- Task to carry out
From top to bottom, write out the listing exactly and skip every picture.

- Data segment

════

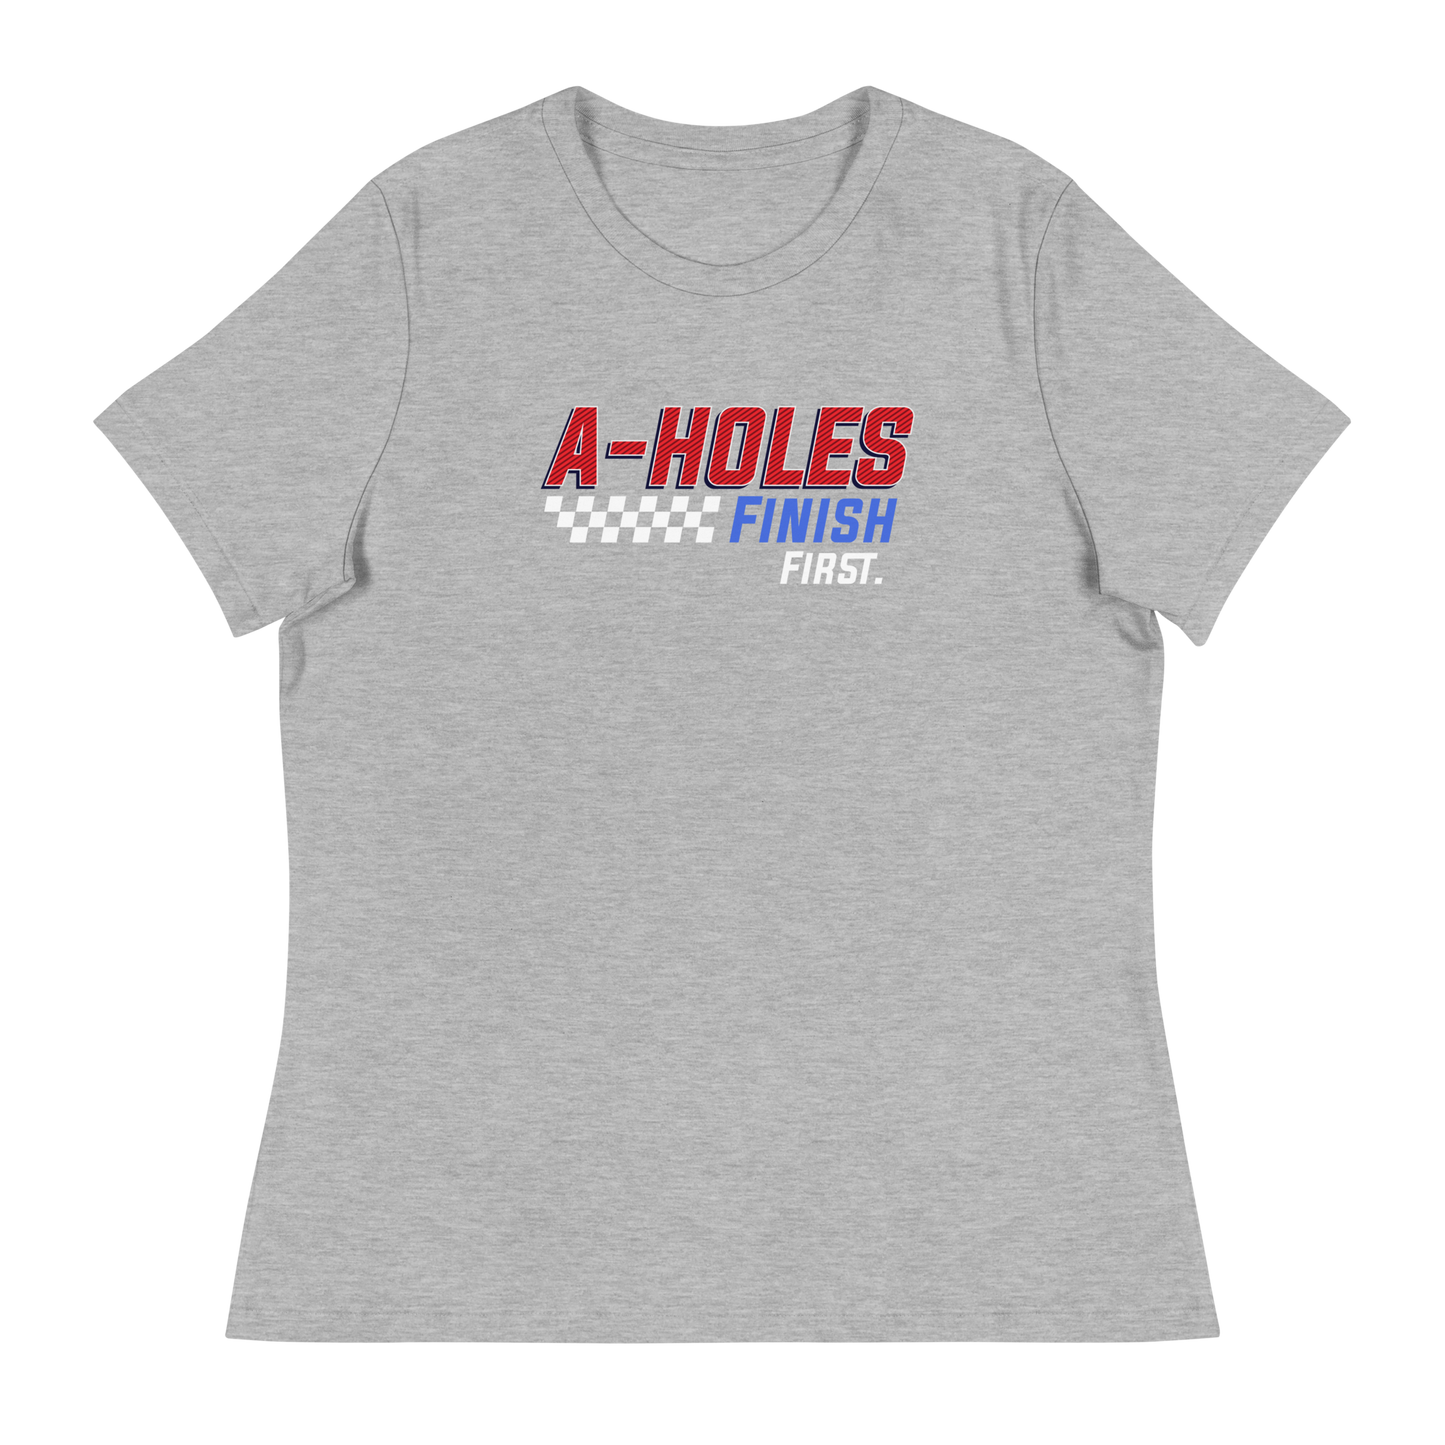 A-Hole "First Place" Women's Relaxed T-Shirt
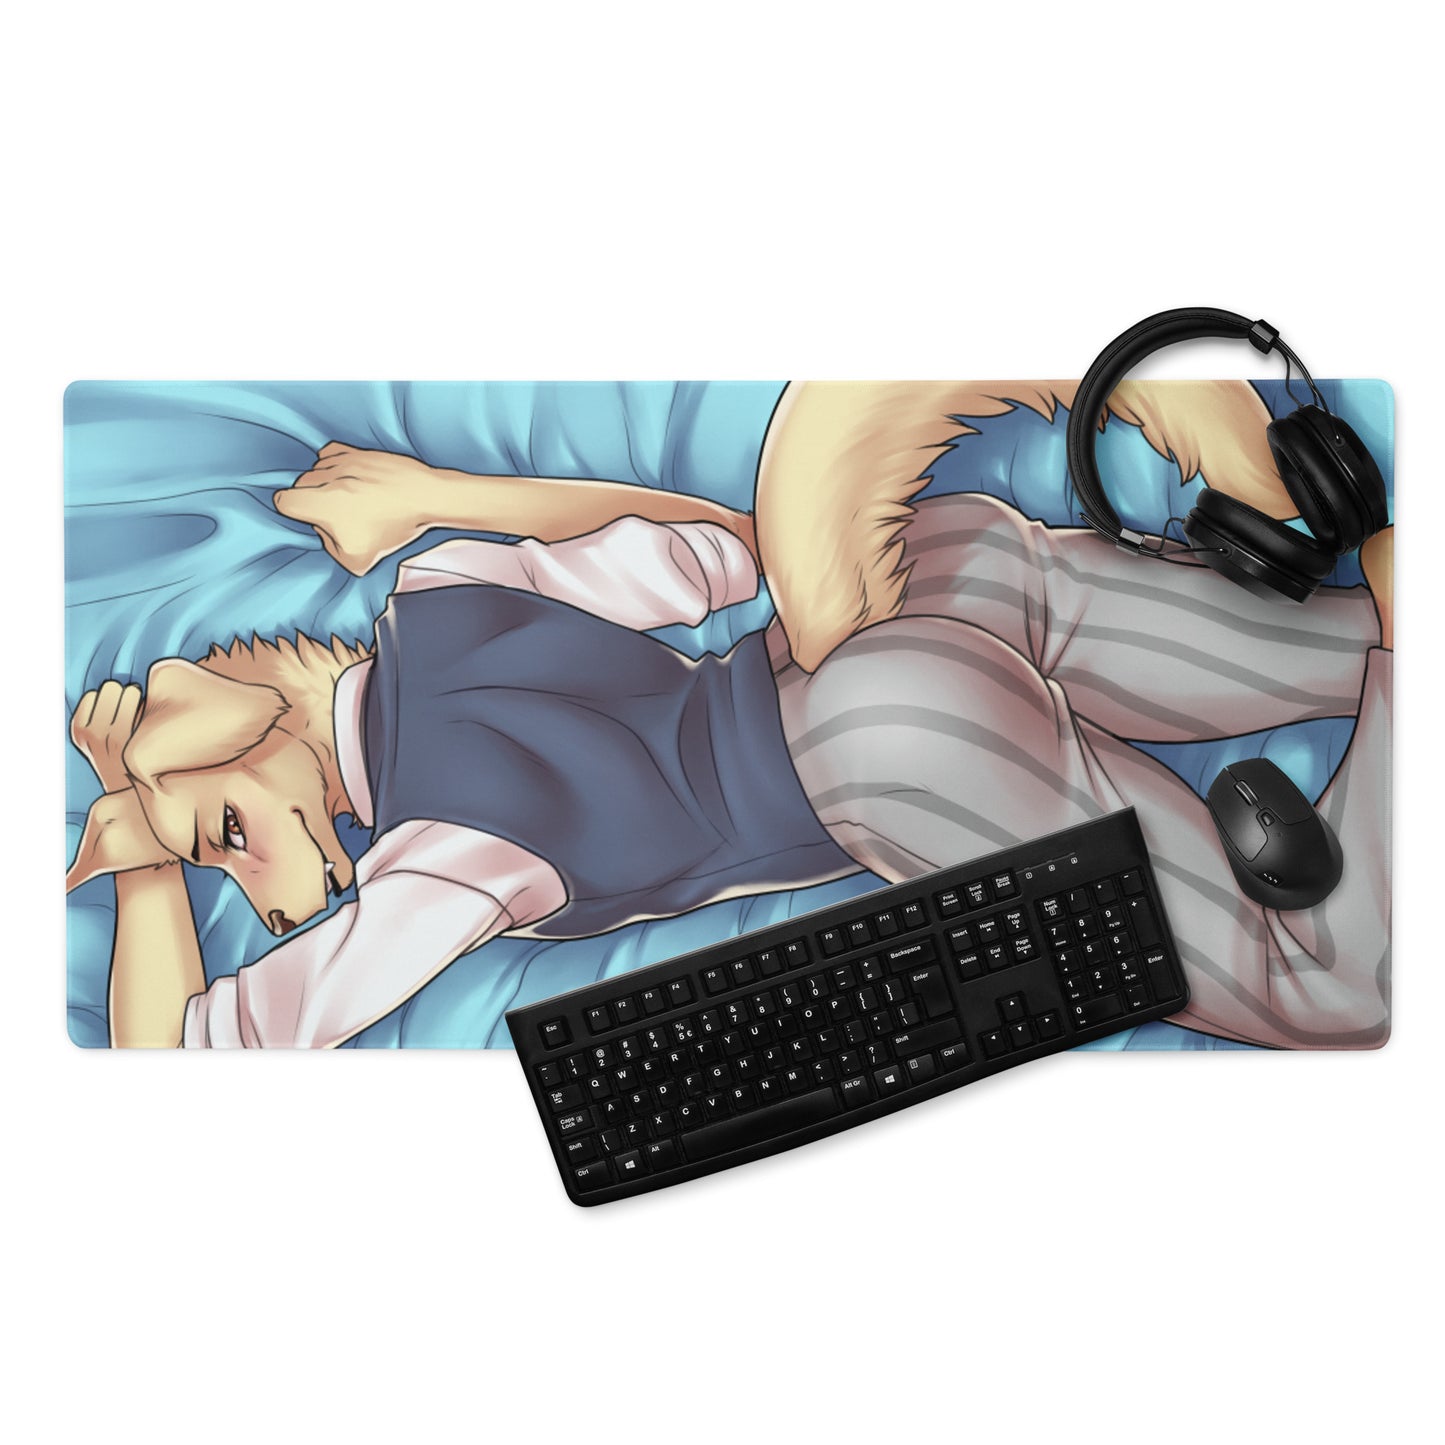 Jack (SFW) Gaming Mouse Pad Ver. 1
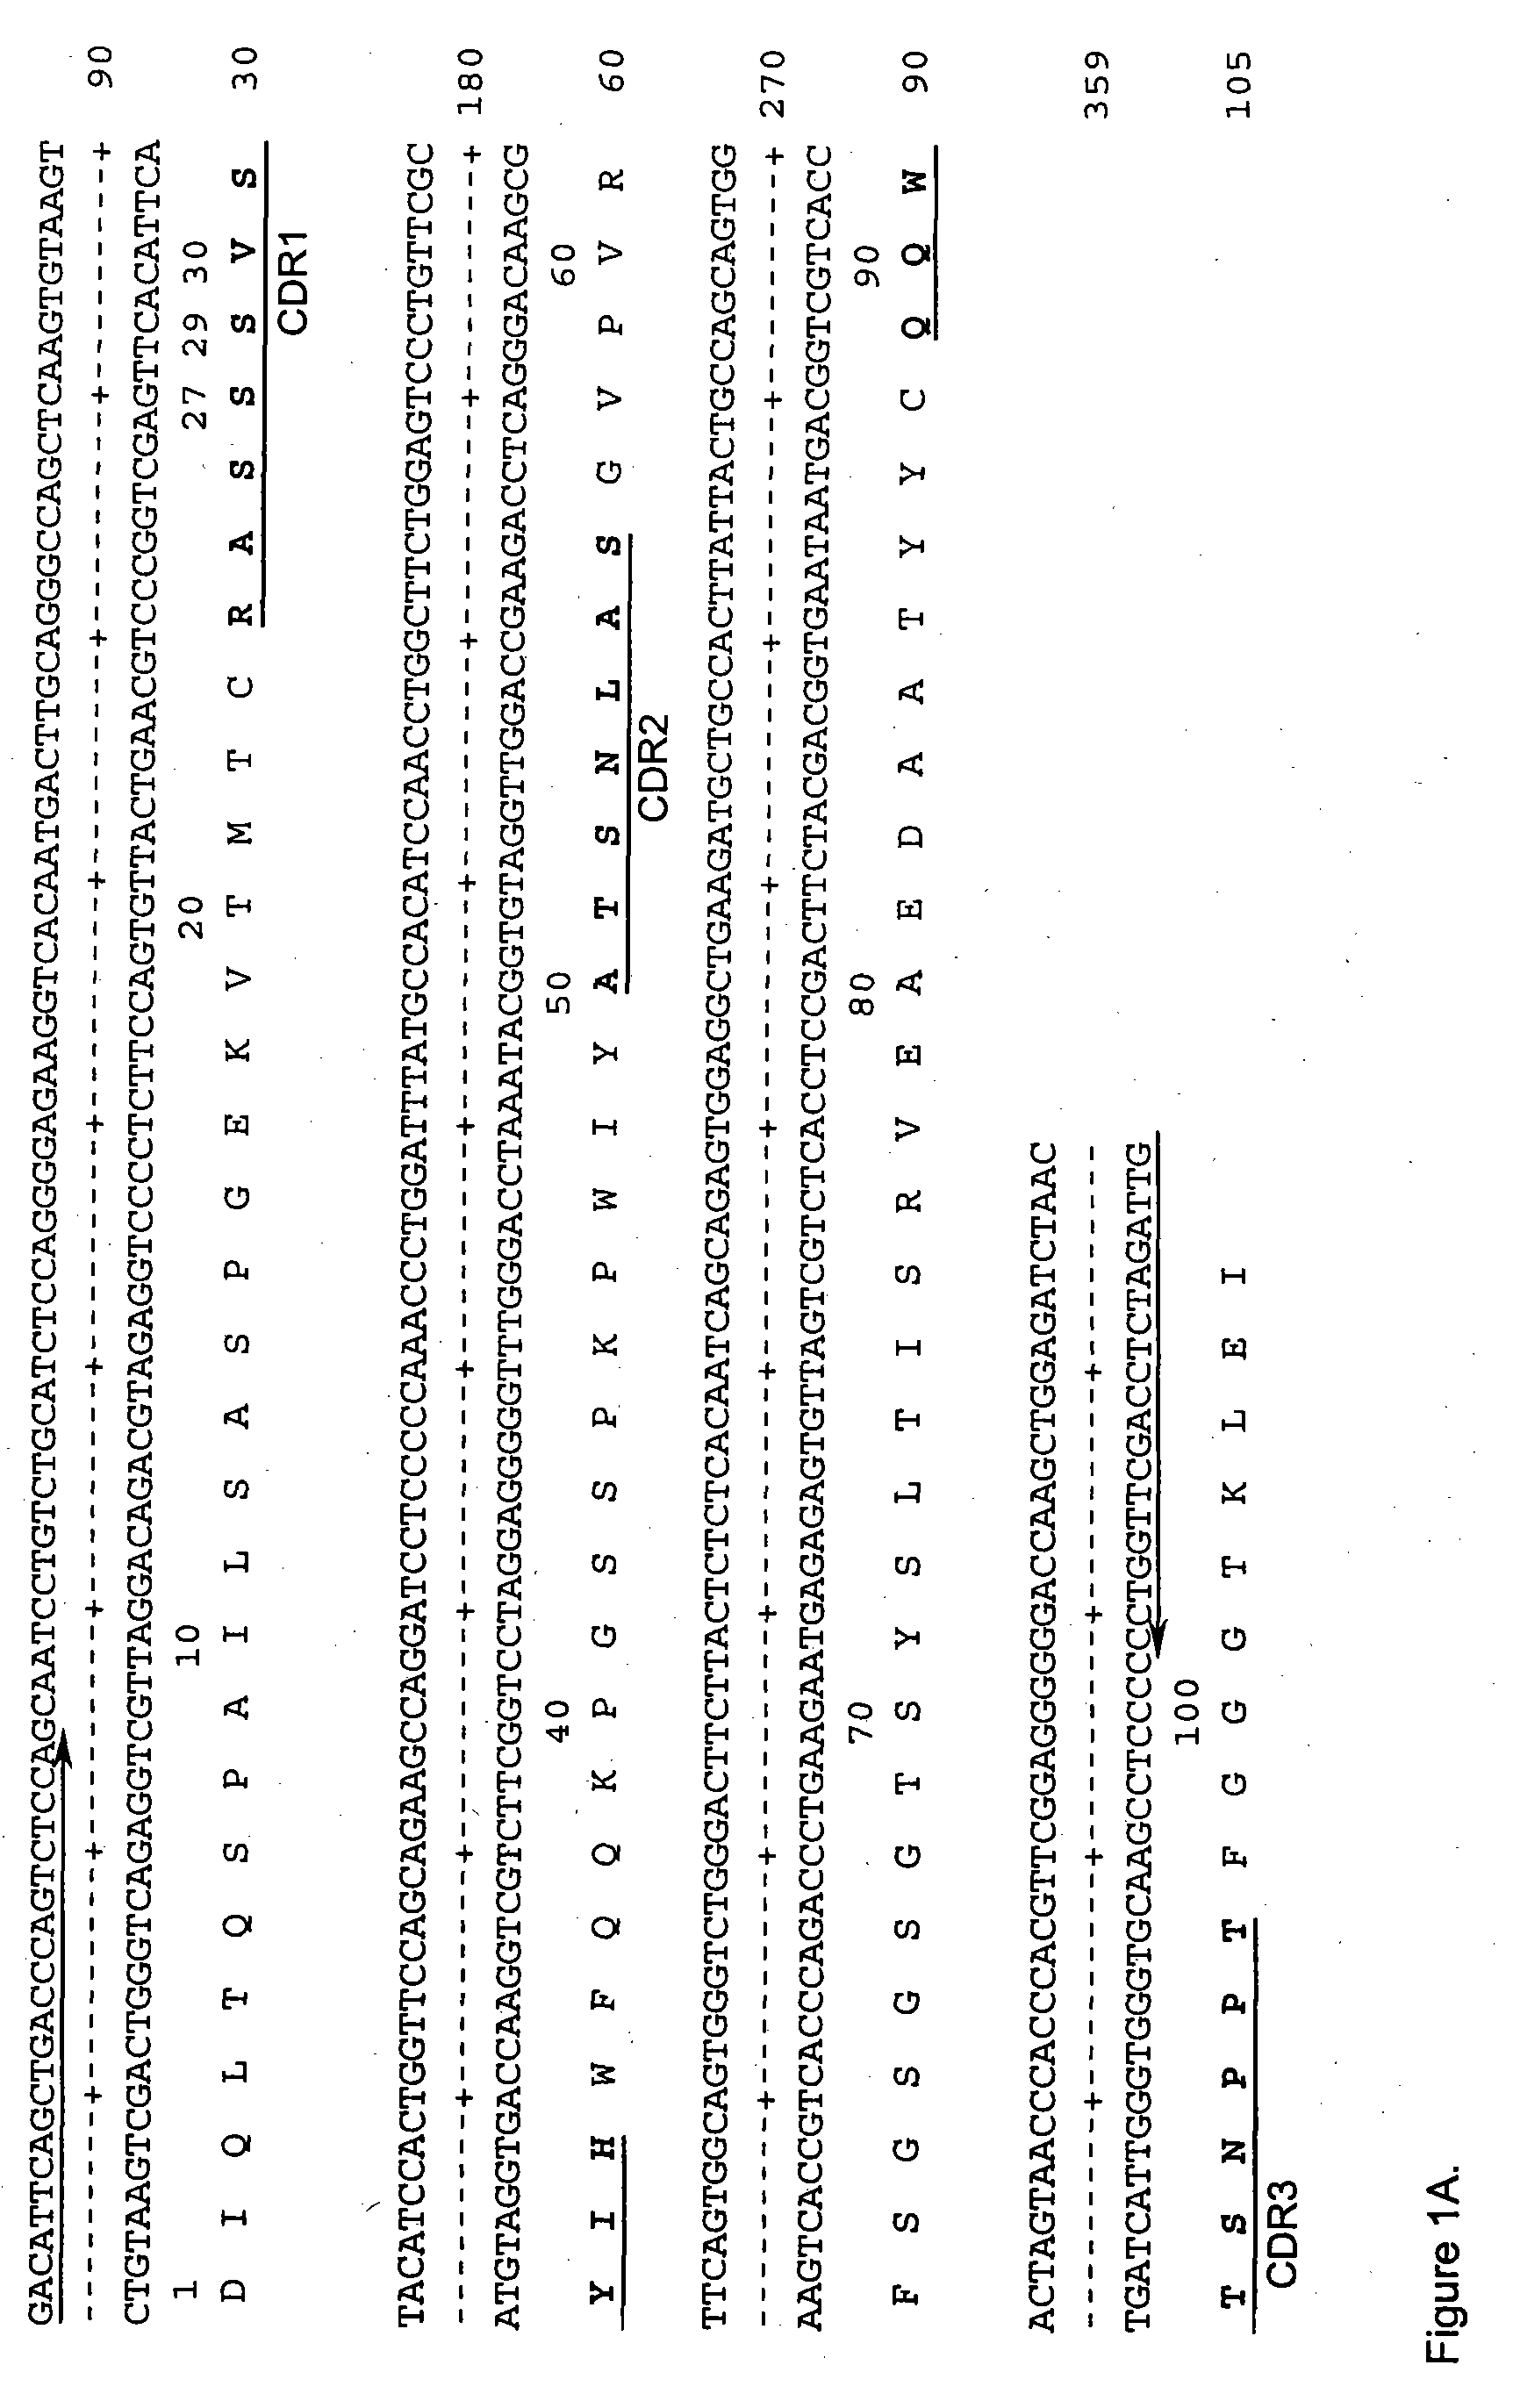 Anti-cd20 antibodies and fusion proteins thereof and methods of use
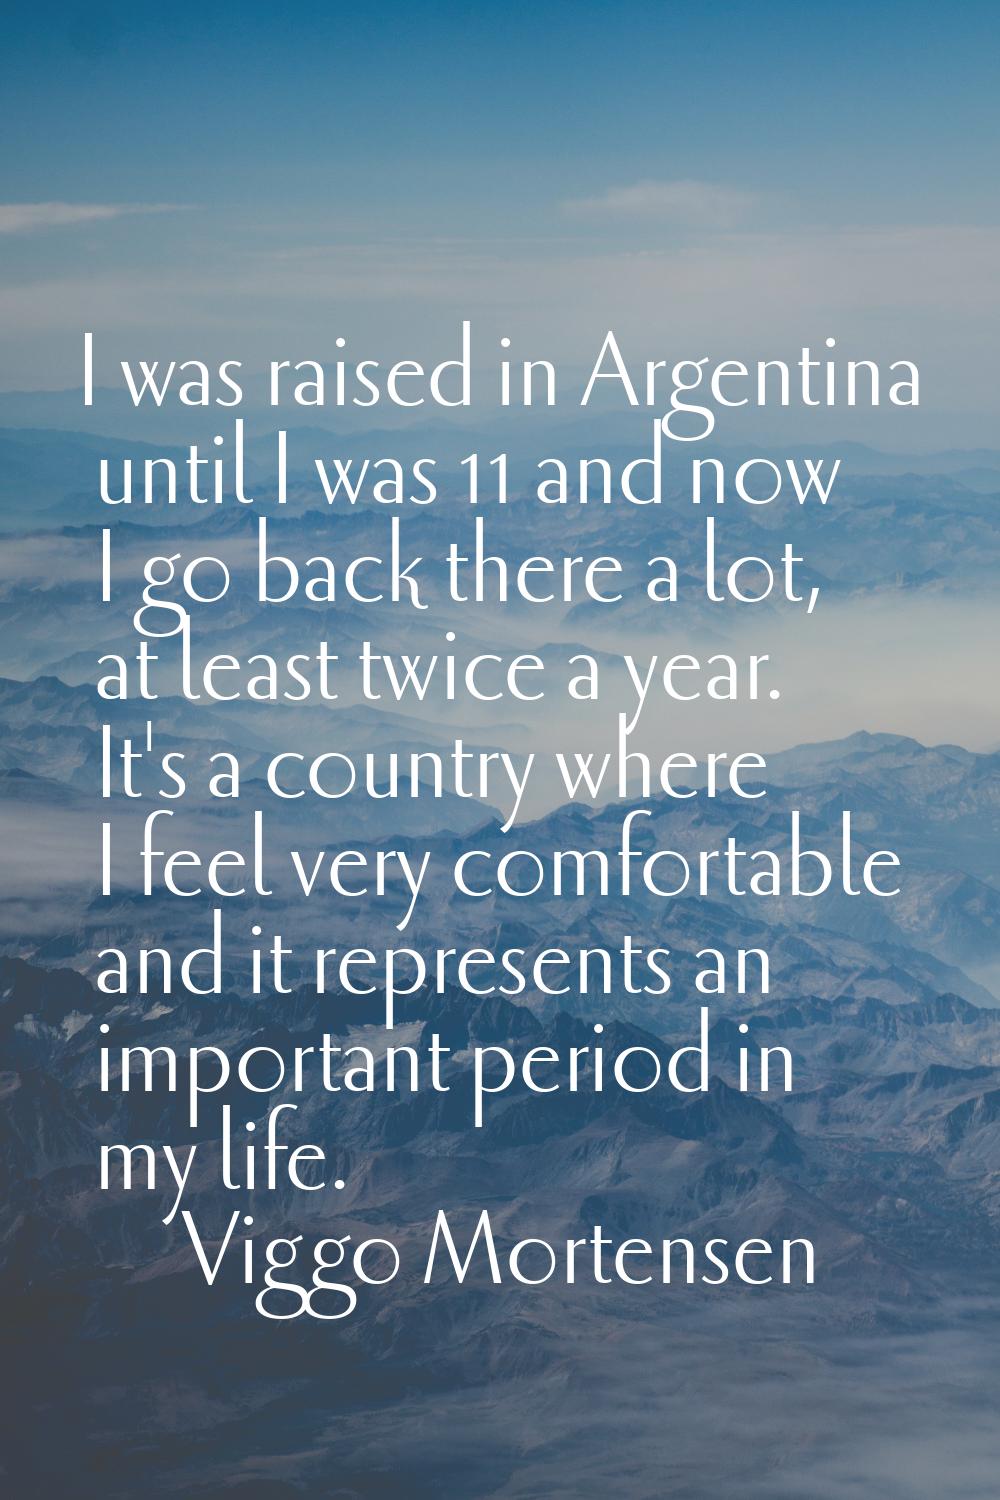 I was raised in Argentina until I was 11 and now I go back there a lot, at least twice a year. It's

════

- Expected answer
 A-Hole "First Place" Women's Relaxed T-Shirt
 Jack (SFW) Gaming Mouse Pad Ver. 1
 Anti-cd20 antibodies and fusion proteins thereof and methods of use
 I was raised in Argentina until I was 11 and now I go back there a lot, at least twice a year. It's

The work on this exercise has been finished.